Recommended citation:
Mariniello, M. and C. Martins (2021) ‘Which platforms will be caught by the Digital Markets Act? The ‘gatekeeper’ dilemma’, Bruegel Blog, 14 December
[1] Total revenues, Free cash flow, Cash and cash equivalents, Equity, Market Capitalization end of year, Net profits, Number of employees, Investment in Plant, Property and Equipment, R&D Investments, Aggregated number of acquisitions in the last five years, Aggregated number of patents in the last two years, Number of sectors where company is active, Revenue market share (of primary market), Search traffic, Daily page views per visitor, Alexa Rank 90 Day Trend, Global active users, Business area rank score
[2] Alphabet, Apple, Facebook, Amazon, Microsoft, Yahoo (Verizon), Twitter, Zalando, eBay, Spotify, Netflix, SAP, Slack, Schibsted, Vivendi, Booking Holdings Inc, Otto Group, Expedia, Salesforce
[3] The questions are the following: Does the platform have exclusive access to a large body of consumers?, Is it difficult for users to multi-home or switch platforms?, Are sellers substitutable?, Do users benefit from network effects requiring sellers to multi-home across platforms?, Platform has an established network, so that network effects and/or its ecosystem and related “stickiness” are an effective barrier to entry for alternative platforms.
[4] The Council proposes that the EEA turnover above or equal to €6.5 billion should be verified in each of the last three financial years, and adds that the thresholds for the number of users, both end-users and business users, should be equal to or above – instead of just above – the respective thresholds included in the Commission proposal.

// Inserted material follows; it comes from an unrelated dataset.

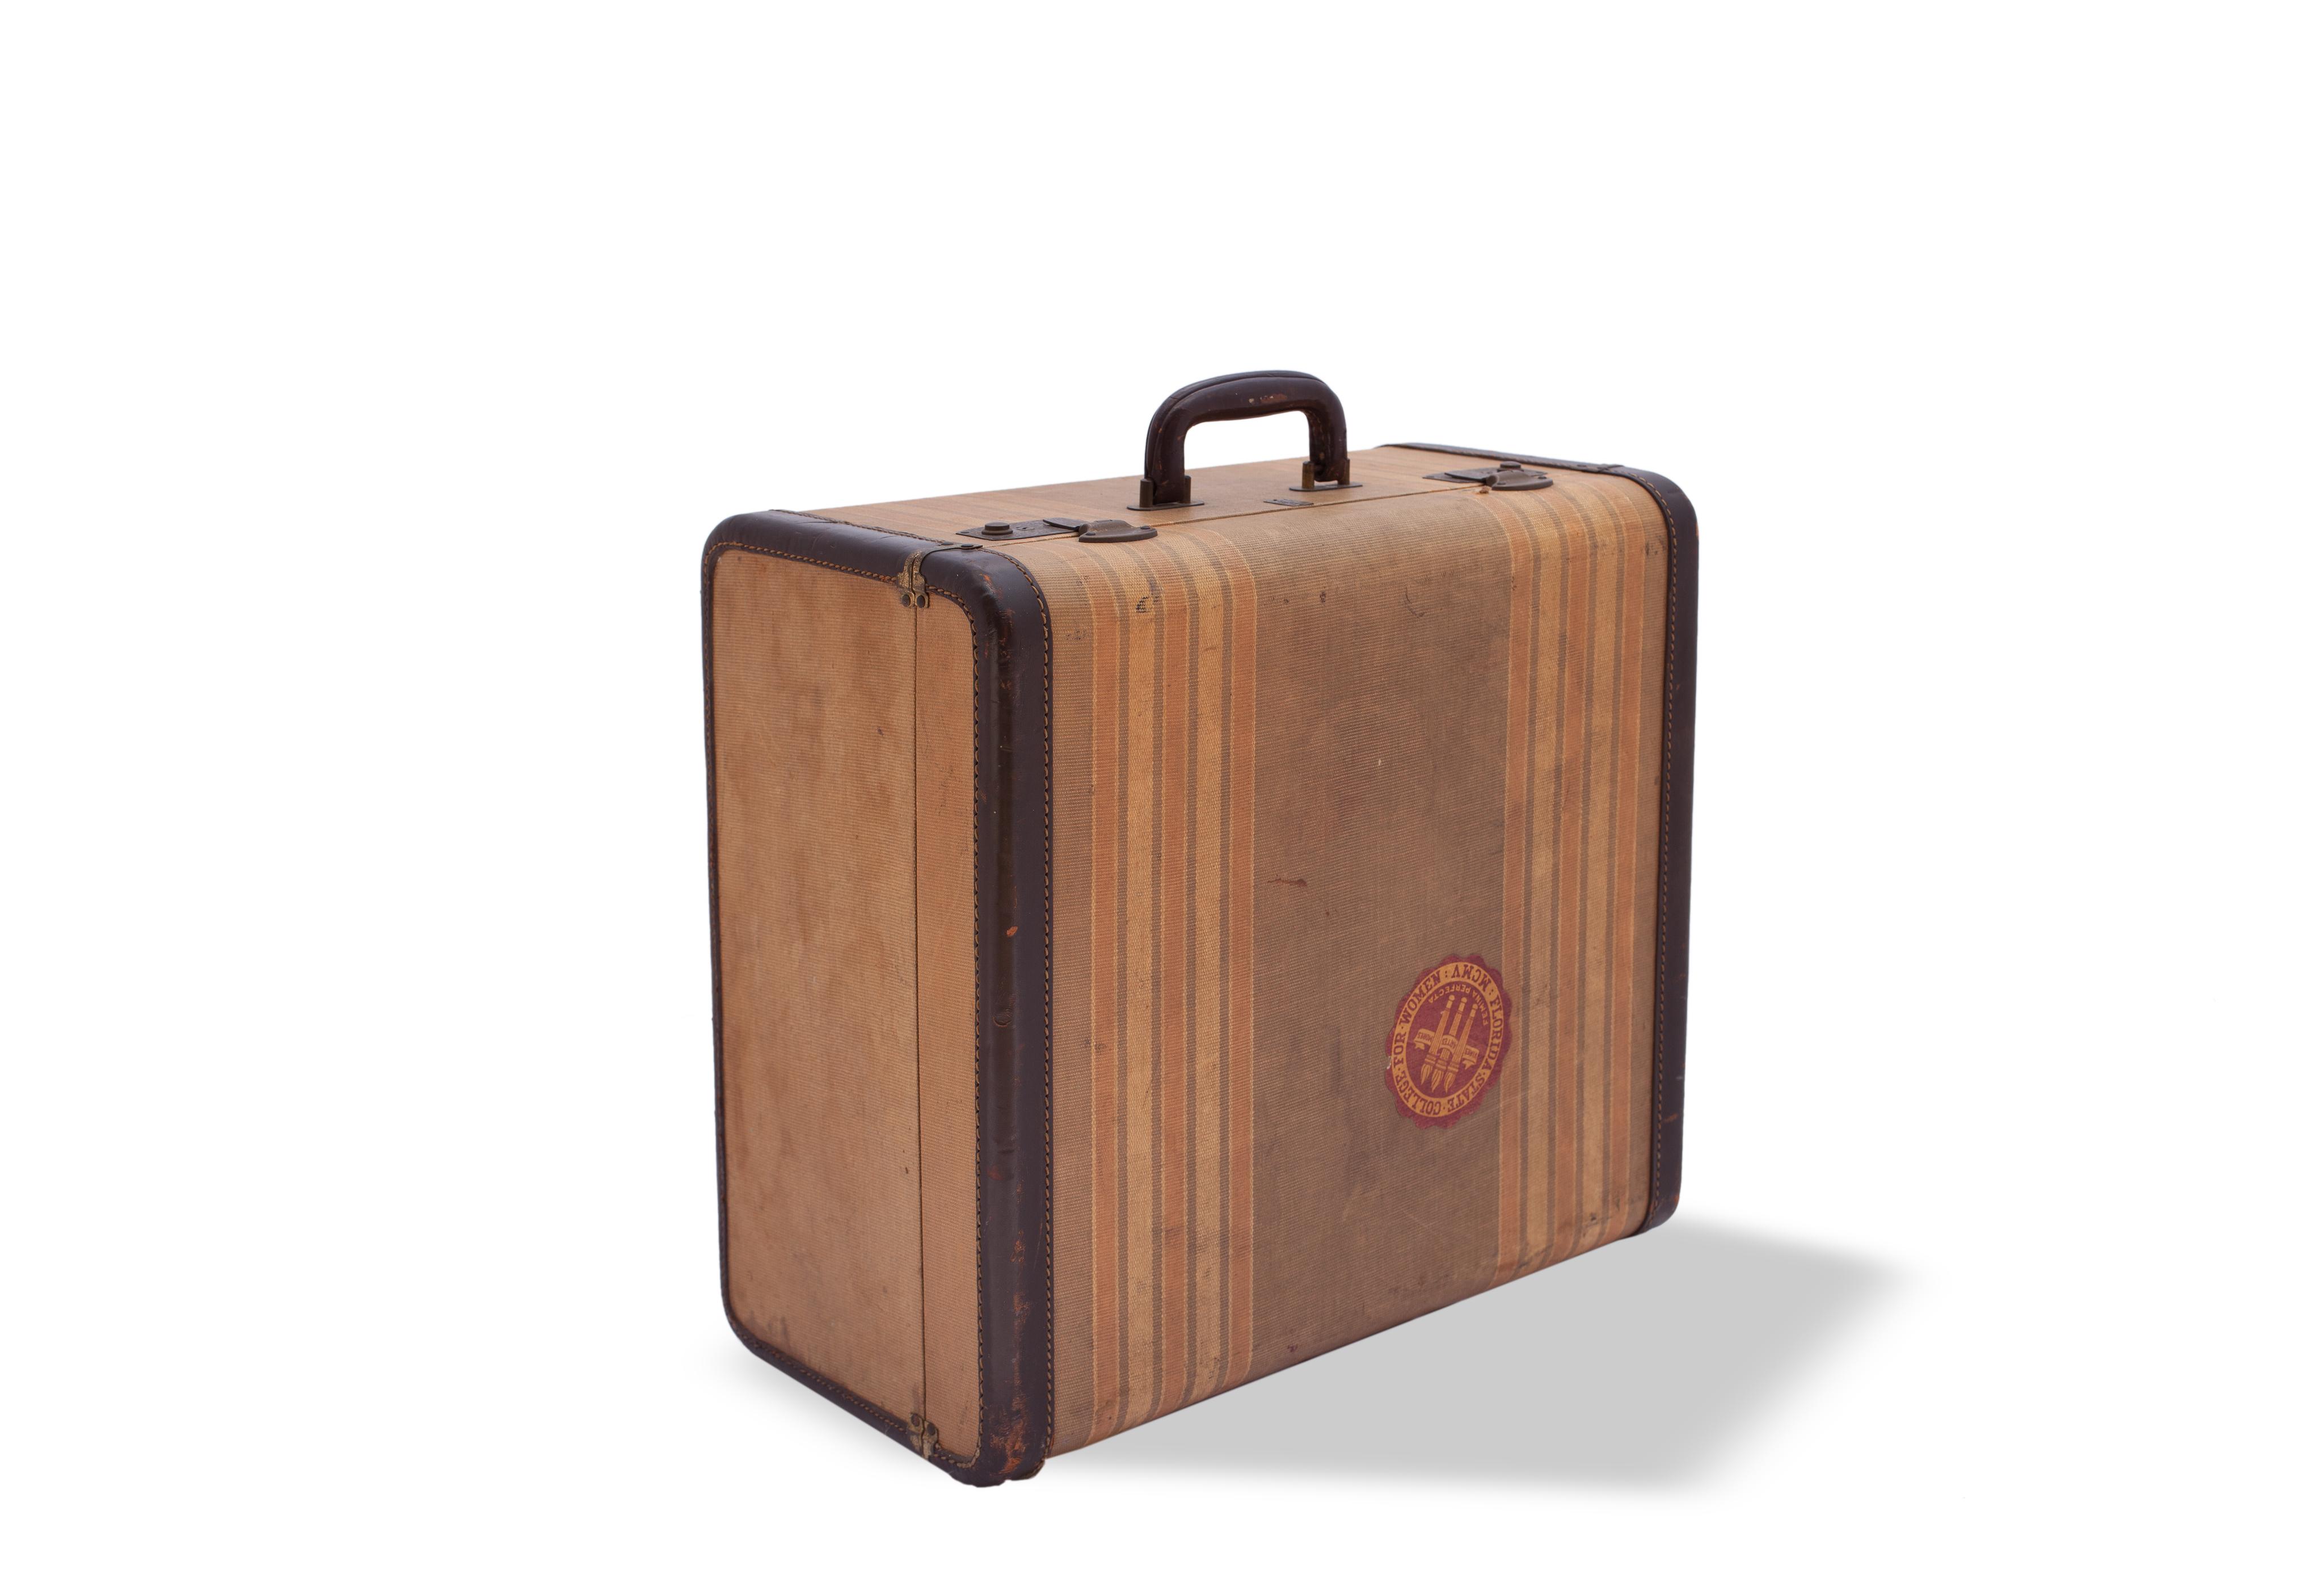 File:Belber Striped Suitcase.jpg
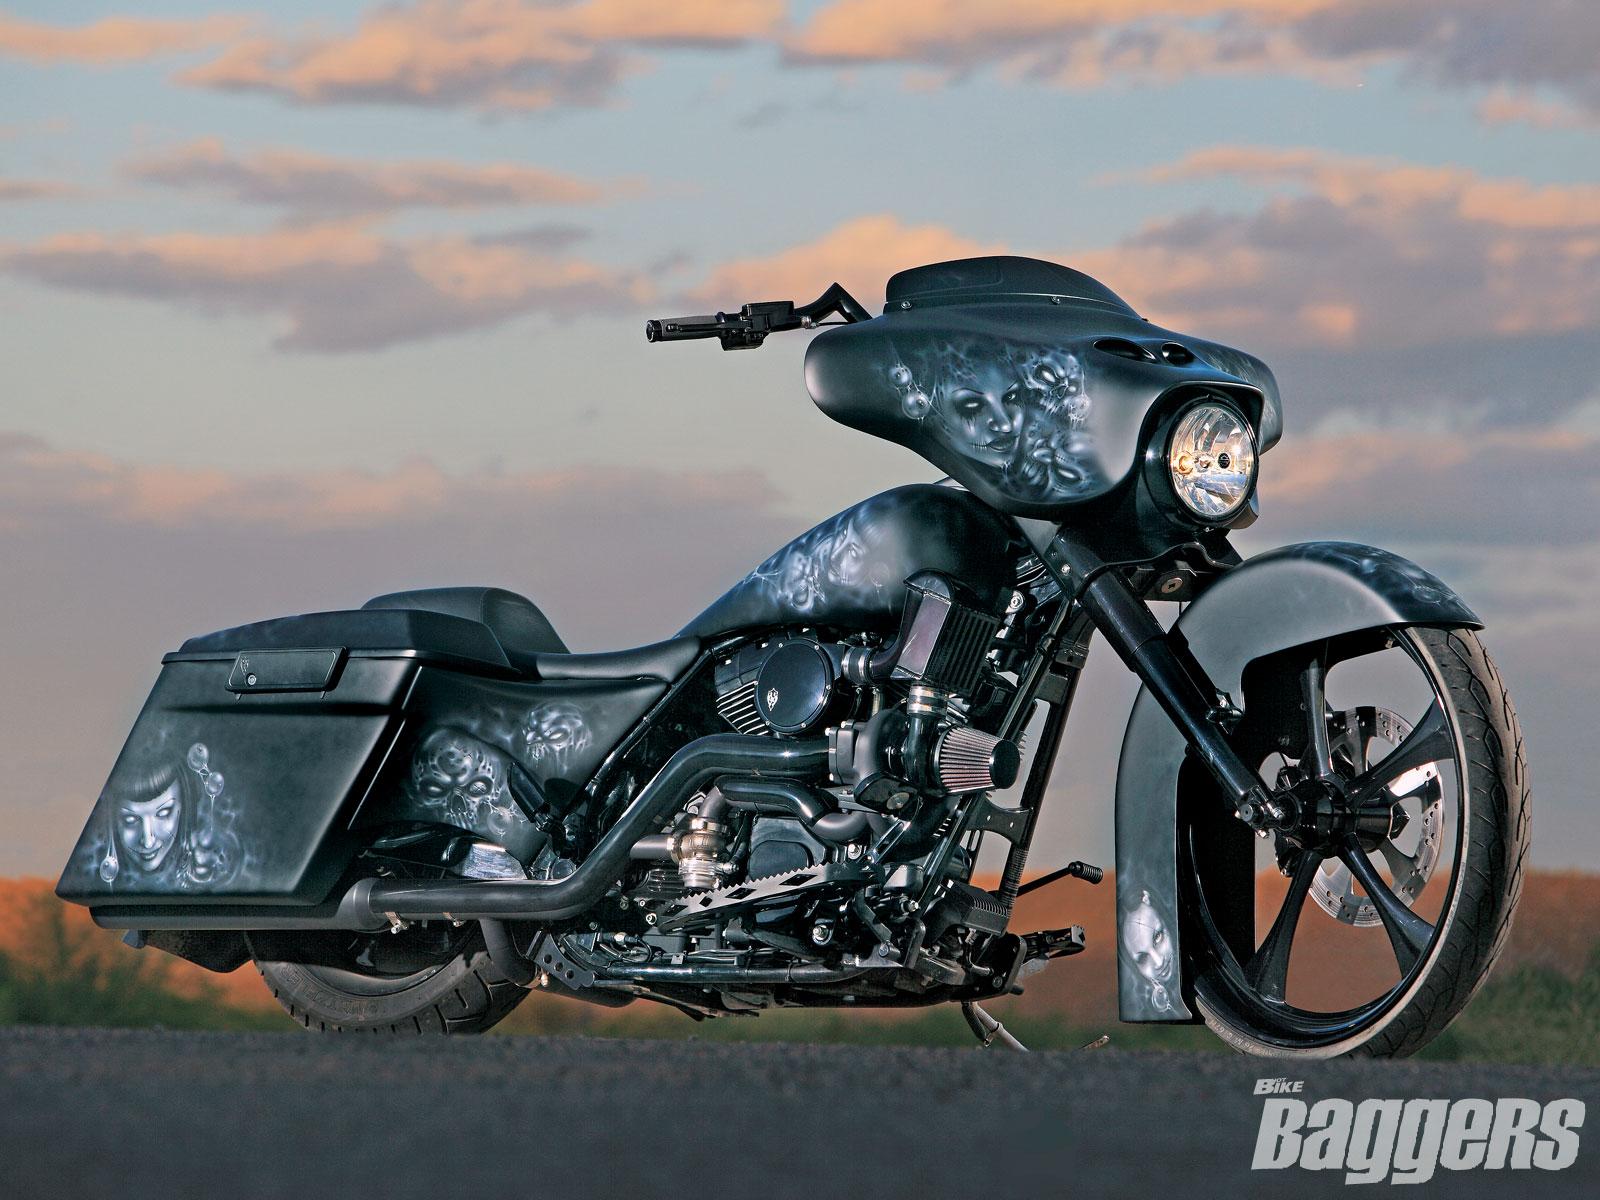 motorcycle harley street glide wallpaper - photo #24

[5] The outcome of our analysis is influenced by the Covid-19 pandemic crisis and its effect on the selected firms since we used the latest data available. This point is particularly relevant for the Council of the EU proposal because the threshold on turnover needs to be met for each of the last 3 financial years.
[6] This analysis is subject to limitations, given that it is still challenging to isolate data for EEA turnover, but we believe that this does not influence the accuracy of the results. Naturally, other firms could be eligible as gatekeepers since the list of firms selected for this analysis is not fully encompassing. We included firms which have been considered in the European Commission’s analysis, academic studies and mentioned in the media.